Before I begin: I'm sorry if I misunderstood anything you said, but I'm quite tired and still wanted to respond to this.
First of all, do not ever, not even for a second, think that you're better off dead or that you should kill yourself. There is always a better option and we all want to help you find it. There are a billion beautiful things ahead of you and you deserve to live long enough to see them come true. One day, this pain will be gone and you will be fine, regardless of your past.
I noticed a tiny little thing in your post: you wrote "my feelings are wrong, I'm told". That phrase caught my attention and you explained it in a quite detailed way. You didn't specify anything about the discussion going on, but from what I've read, it does seem to me that your family is disrespecting you. I don't know what you said, but whatever it is that made them angry at you, they have no right to invalidate you feelings. You did the right thing by telling your father you felt disrespected by your sister, I want you to remember this. His reation, however, wasn't at all okay. I get it, he might not understand your feelings, most parents don't understand their kids, but that's not a good enough reason to invalidate them. Try your best not to let your father's words manipulate you: your feelings are valid.
You also said "my feelings are not his or her problems to deal with and I have to work on stop feeling hurt if no one is hurting me". That, dear, is another phrase that caught my attention. You are his daughter: if you are feeling hurt or depressed or frustrated, it is partly his problem, and also your sister's. I'm not saying they should always agree with you and tell you you're right when you are clearly wrong, but they should help you when you have a problem, they should care when you're feeling bad, and it doesn't seem like they're willing to do that. Again, they are invalidating your feelings.
I don't think they realise how much damage they are doing, honestly. And I'm worried about you because you're starting to doubt your own mind and feelings. If something hurts you, dear, it's ok and valid. If you feel disrespected, it's valid. We all see things from different points of view, and just because a certain thing doesn't affect me in the slightest way, it doesn't mean it's the same for everyone else. It depends on who we are, on our personality, on our values, on our past experiences, etc...
At this point, many people would tell you to sit down with your family and talk about it. Honestly, and forgive me for what I'm about to say, I think it's bullshit. I haven't been through what you have, but I know what it is like to have my feelings invalidated or being disrespected in general, and I know that talking to those who invalidate you doesn't really make a difference: they'd just invalidate you one more time.

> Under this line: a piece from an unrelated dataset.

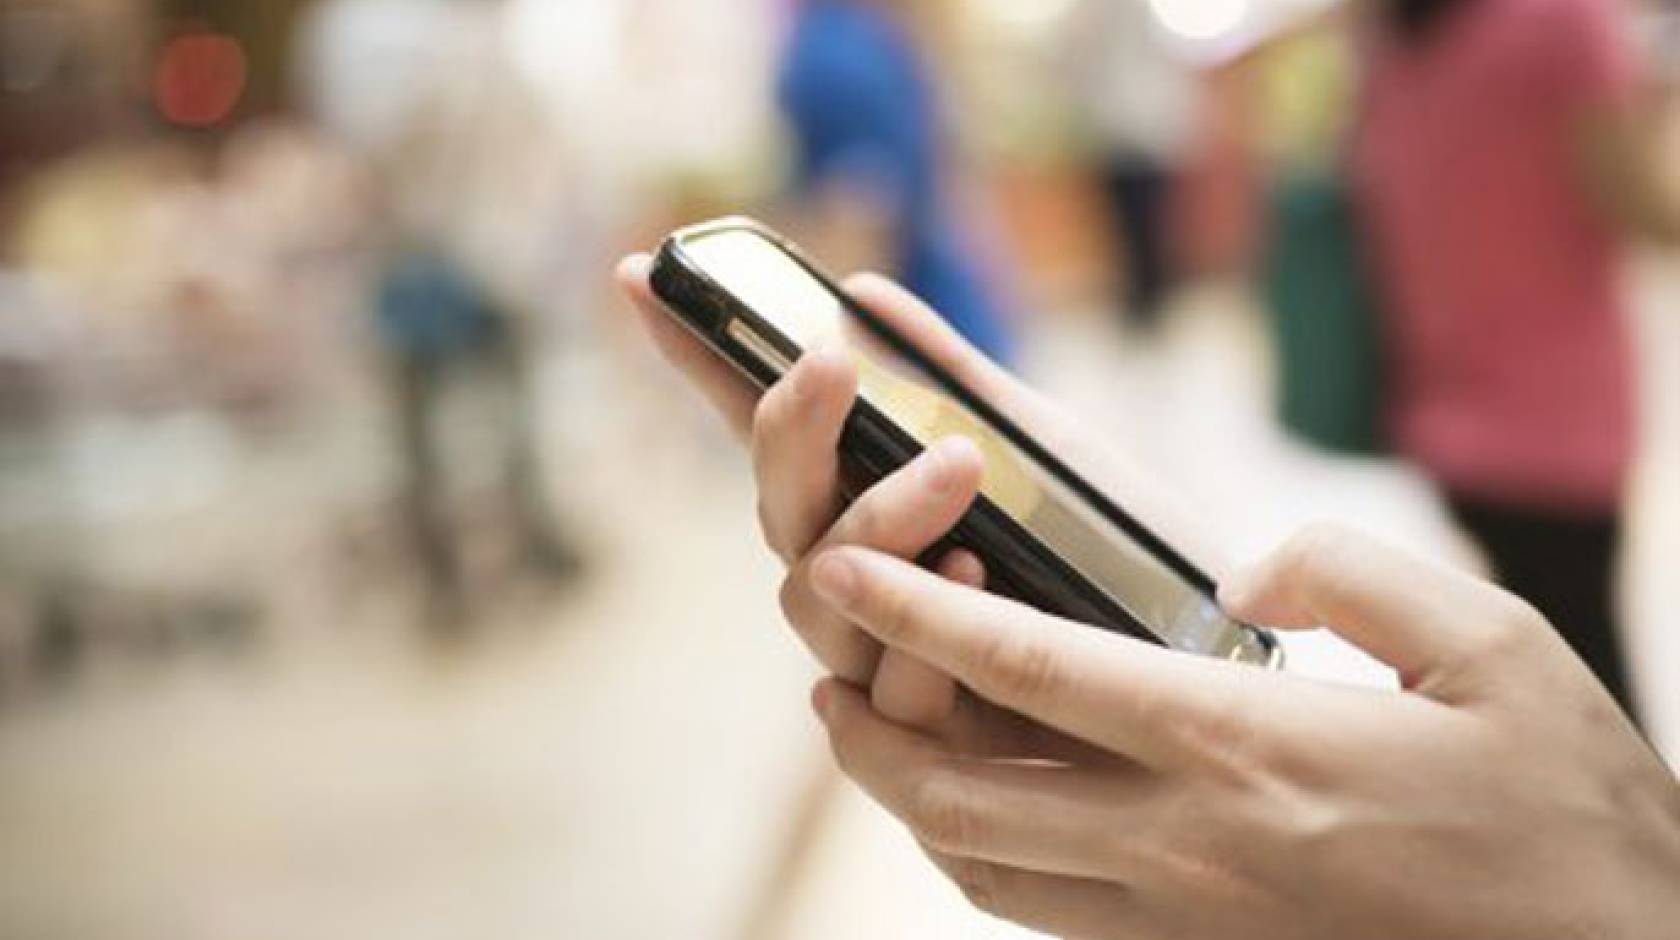 UCSF study on smartphone apps and vulnerable populations

You need to tell all of this to your counselor. Don't be scared about exaggerating, because if this is what you feel, then it's ok to say it just like it is. Your counselor knows you and he will certainly find a way to help you overcome this terrible situation. I'd say you should try to avoid any sort of discussion with your family, at least until you see your counselor: it's probably not healthy, but it's what I do and it usually works. However, do not cut them out completely, because that would only make everything worse. Keep trying your best to be nice and loving, even if they're not treating you wel, it only shows you how mature you are. Try to be patient and hold on. You will not be stuck with them forever anyway. Maybe distract yourself, listen to music or write or paint (whatever you love doing) and let your feelings out. Scream in a pillow or punch it if it's necessary. Crying is good, don't feel weak or childish for crying when you need to. Do you have any friends who can be by your side during this difficult time? That would be a really good way to avoid thinking and stressing too much over it.